# Stream suddenly stops working



## xc0401 (Jun 4, 2015)

Hey all,

I have been going back and forth via email with Customer Support to no avail. Shortly after adding two TiVo OTA devices to my account, my Stream stopped working with my Roamio. Neither OTA is connected currently, but both appear on my account. I have a total of 18 active devices on my account. TiVo told me that this is not too many and would not affect my Stream. They also told me that the only way to remove devices is by moving them to another account, and it is not possible to simply remove devices.

Both Roamio units are connected via ethernet, as is the Stream. The Stream worked fine 100% of the time until I added the OTA units, which TiVo seems to believe is a coincidence. I have uninstalled and reinstalled the TiVo app, and unplugged/re-plugged the Stream.

Here are the steps to recreate the issue, and screenshots are attached:

(1) Start TiVo app 

(2) Choose either "Bedroom Roamio" or "Media Rm Roamio" 

(3) Tap "Guide" 

(4) Tap a show 

(5) Tap "Watch Now", "On iPhone" 

(6) Screen displays "Starting Recording" 

(7) Screen displays "Setting up your streaming session" 

(8) After approximately 20 seconds, screen displays "Problem with streaming device. There was a problem connecting to your streaming device." "Start setup, or Not now. 

(9) Tap "Start setup" 

(10) Screen displays "Set up streaming?" with check marks in each box. 

(11) Tap "Start setup" 

(12) Screen displays a checkmark in "Step 1: Checking software version", and spinning in "Step 2: Confirming activation status". 

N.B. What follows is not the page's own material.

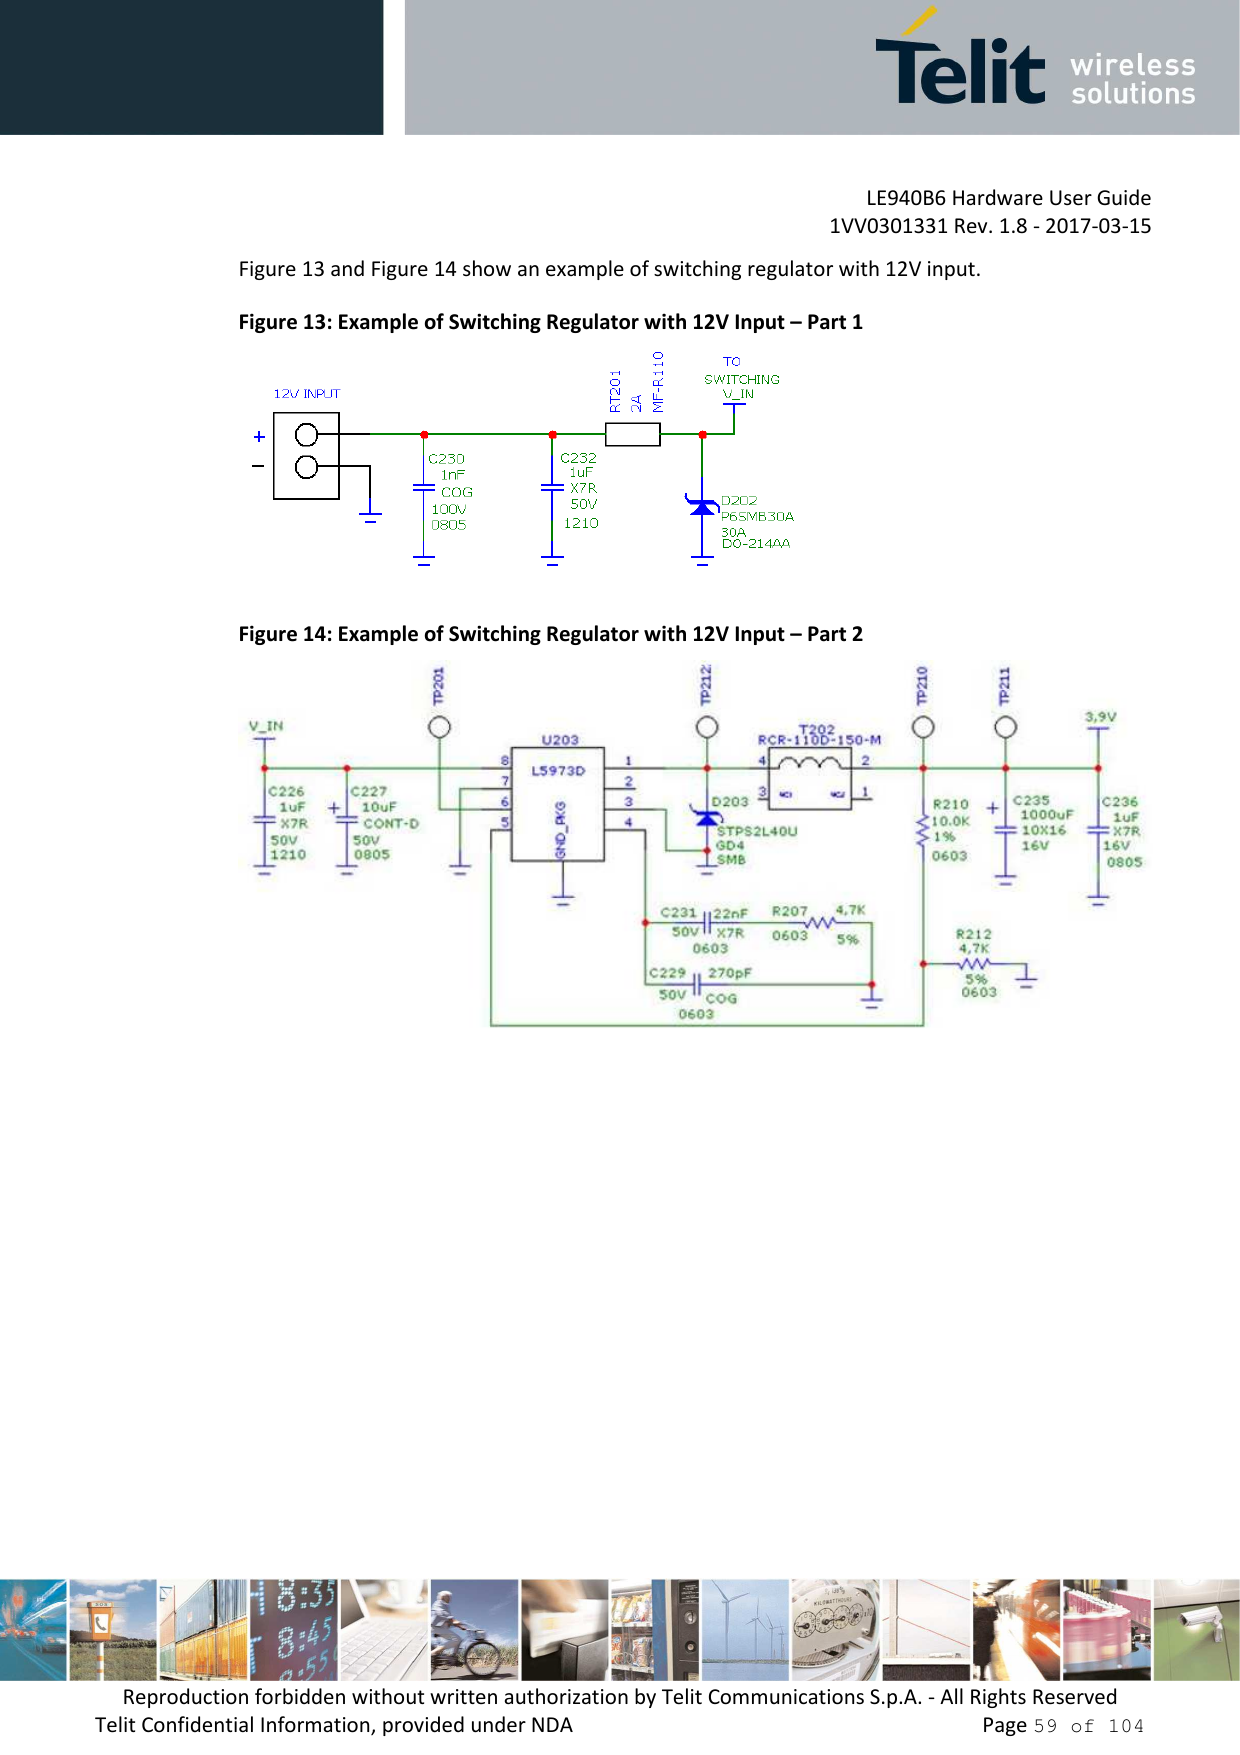         LE940B6 Hardware User Guide     1VV0301331 Rev. 1.8 - 2017-03-15 Reproduction forbidden without written authorization by Telit Communications S.p.A. - All Rights Reserved Telit Confidential Information, provided under NDA                 Page 59 of 104 Figure 13 and Figure 14 show an example of switching regulator with 12V input. Figure 13: Example of Switching Regulator with 12V Input – Part 1  Figure 14: Example of Switching Regulator with 12V Input – Part 2

(13) After quite awhile, screen displays "Streaming Device Activation Status: We have not been able to confirm the activation of your streaming device. If you have not yet activated your streaming device on tivo.com, please do so now. If you have already activated your streaming device, tap 'try again' to confirm activation. If you continue to encounter this problem, tap 'help'. 

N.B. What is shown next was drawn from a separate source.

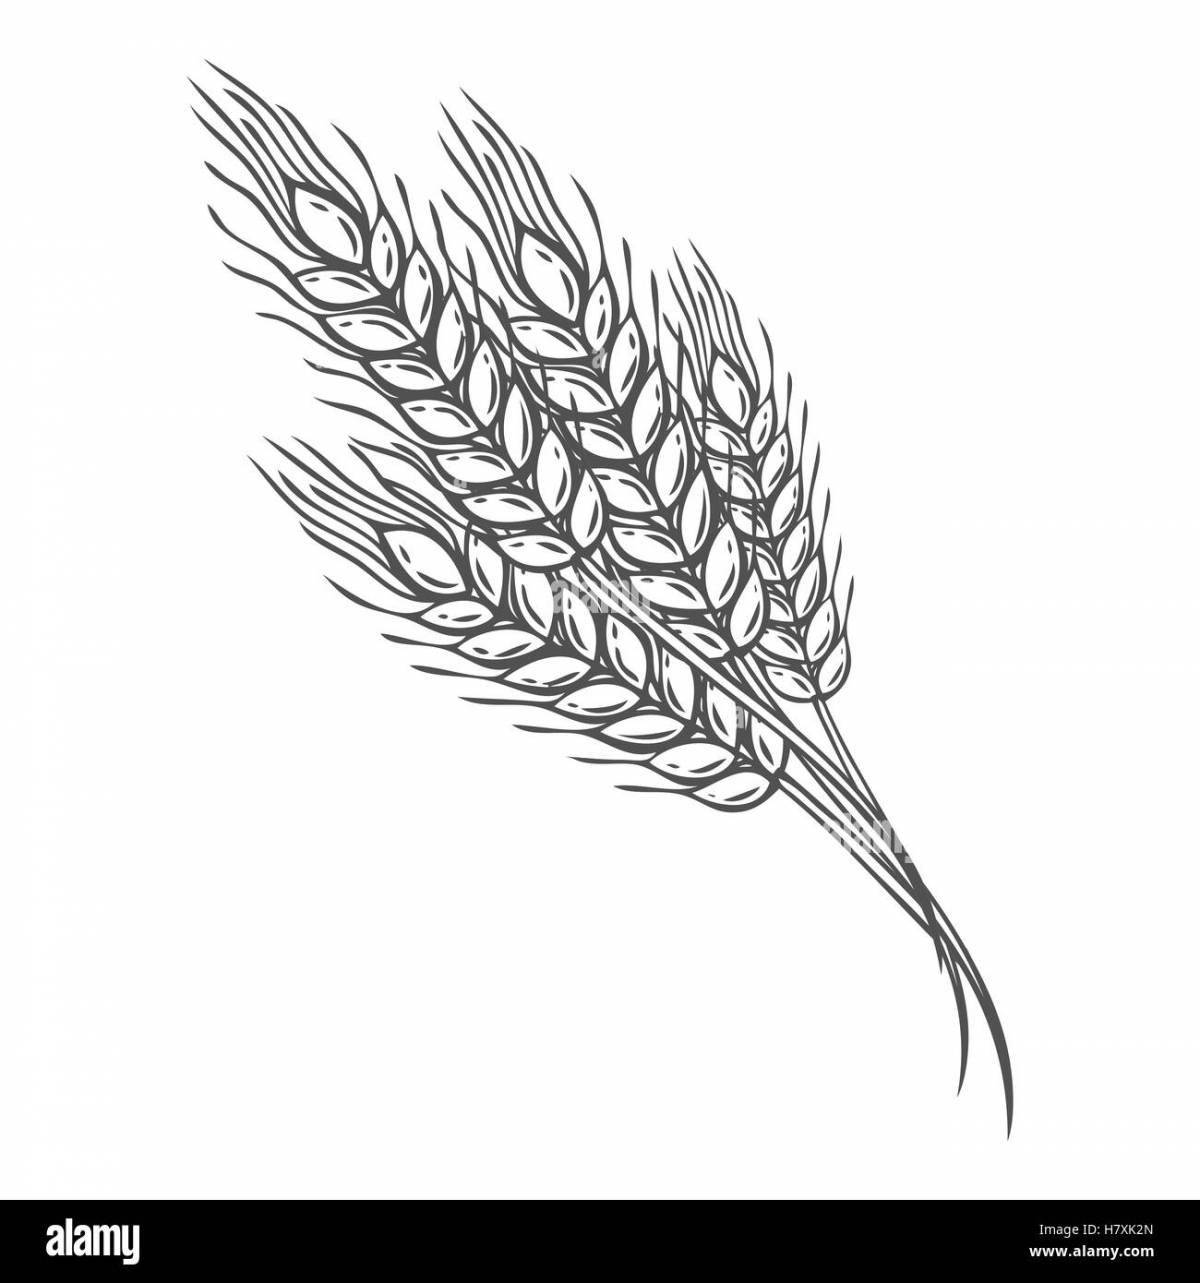 A fascinating spikelet coloring book for the little ones

(14) Tap "Activate". If "Try Again" is tapped, #13 repeats. 

(15) Tivo.com opens in Safari. Tap "I agree to the TiVo user agreement and privacy policy". Tap "Continue". 

(16) Screen displays "The TiVo service number you entered has already been activated. If you think you may have entered an incorrect number, please try again or call Customer Support at 1-877-367-8486". 

Note that this occurs on ANY iOS device with the TiVo app. I have tried two iPhone 6S units and one iPad. This also occurs with both TiVo units that are directly connected via ethernet; a Bedroom Roamio and Media Rm Roamio. Both used to work fine. 

Any help would be appreciated. Thanks!


----------